Weiss (1998) proposes a key question approach which includes seven key questions:

  1. Deciding whether to use quantitative or qualitative method, or a combination of the two methods.

  2. Developing measures and techniques to answer the key questions.

  3. Figuring out how to collect the necessary data to carry out the measures.

  4. Planning an appropriate research design (with attention to the kinds of comparisons that will be drawn and the timing of data collection, for example).

  5. Collecting and analysing the data.

  6. Writing and disseminating the report(s) of study results.

  7. Promoting appropriate use of results.

For the planning of an evaluation, further questions have to be answered (Weiss 1998):

  1. Programme Process: Questions about programme process essentially ask what is going on in the programme. The issue here is the fidelity of the programme with respect to the intention of its designer.

  2. Programme Outcomes: An emphasis on programme outcome would direct the evaluation to the consequences of the intervention for its clients. The focus is the change in situations; but goals sometimes change during the course of programme operation. Another question of outcomes would be the hunches of programme staff, clients, observers or others about what the real results are, regardless of the rhetoric of intent.

  3. Attributing Outcomes to the Programme: These questions are aimed at finding out whether any changes that are observed over time are due to the programme. The evaluation may want to devote some questions to understanding the extent to which the programme was responsible for the changes.

  4. Links between Programme and Process: With information about process, the question of whether particular features of the programme are related to better or poorer outcomes can be analysed.

  5. Explanations: Evaluation is not only aimed at finding out what happened but also how and why it happened. This entails a search for explanations. For the improvement of a programme, the reasons for achievements and shortfalls have to be indicated.

In developing the set of questions to be answered, the following should also be considered (Weiss 1998):

In the MEANS collection Volume 1 (EC, 1999), three factors that affect the form of an evaluation are identified:

  1. the stage of the policy cycle;

  2. the level of decision making;

  3. the scope of the evaluation.

Evaluations can be undertaken at three stages within the policy cycle: ex-ante, mid-term or intermediate and/or ex-post.
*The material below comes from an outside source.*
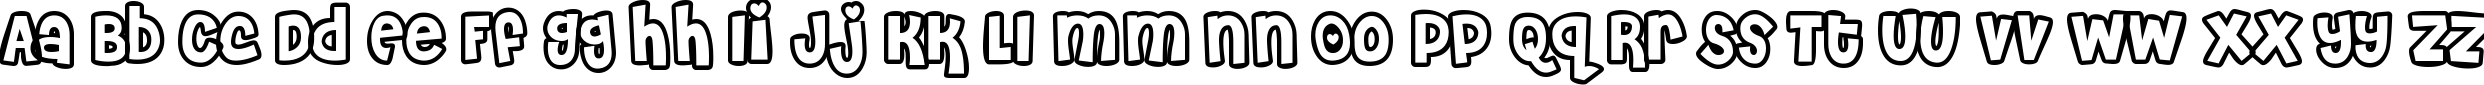 Пример написания английского алфавита шрифтом Cheri Liney

This ongoing process of evaluation runs parallel to that of policy development and reflects and assesses the impact of the policy on the observed direct and indirect policy results. 

An evaluation must be undertaken for each level of instrument (policy, programme or project). It can not be assumed that the performance of a programme will be the sum or the synergy of its component projects and there will be other effects that must be considered. When evaluating projects and programmes, the objectives of higher level programme or policy should also be taken into account. In evaluating policy, the wider goals of economic, social and environmental factors must be taken into consideration.

Some of the questions identified above are addressed in the remainder of this section of ORGAPET; the rest are addressed in ORGAPET Part B and Part C.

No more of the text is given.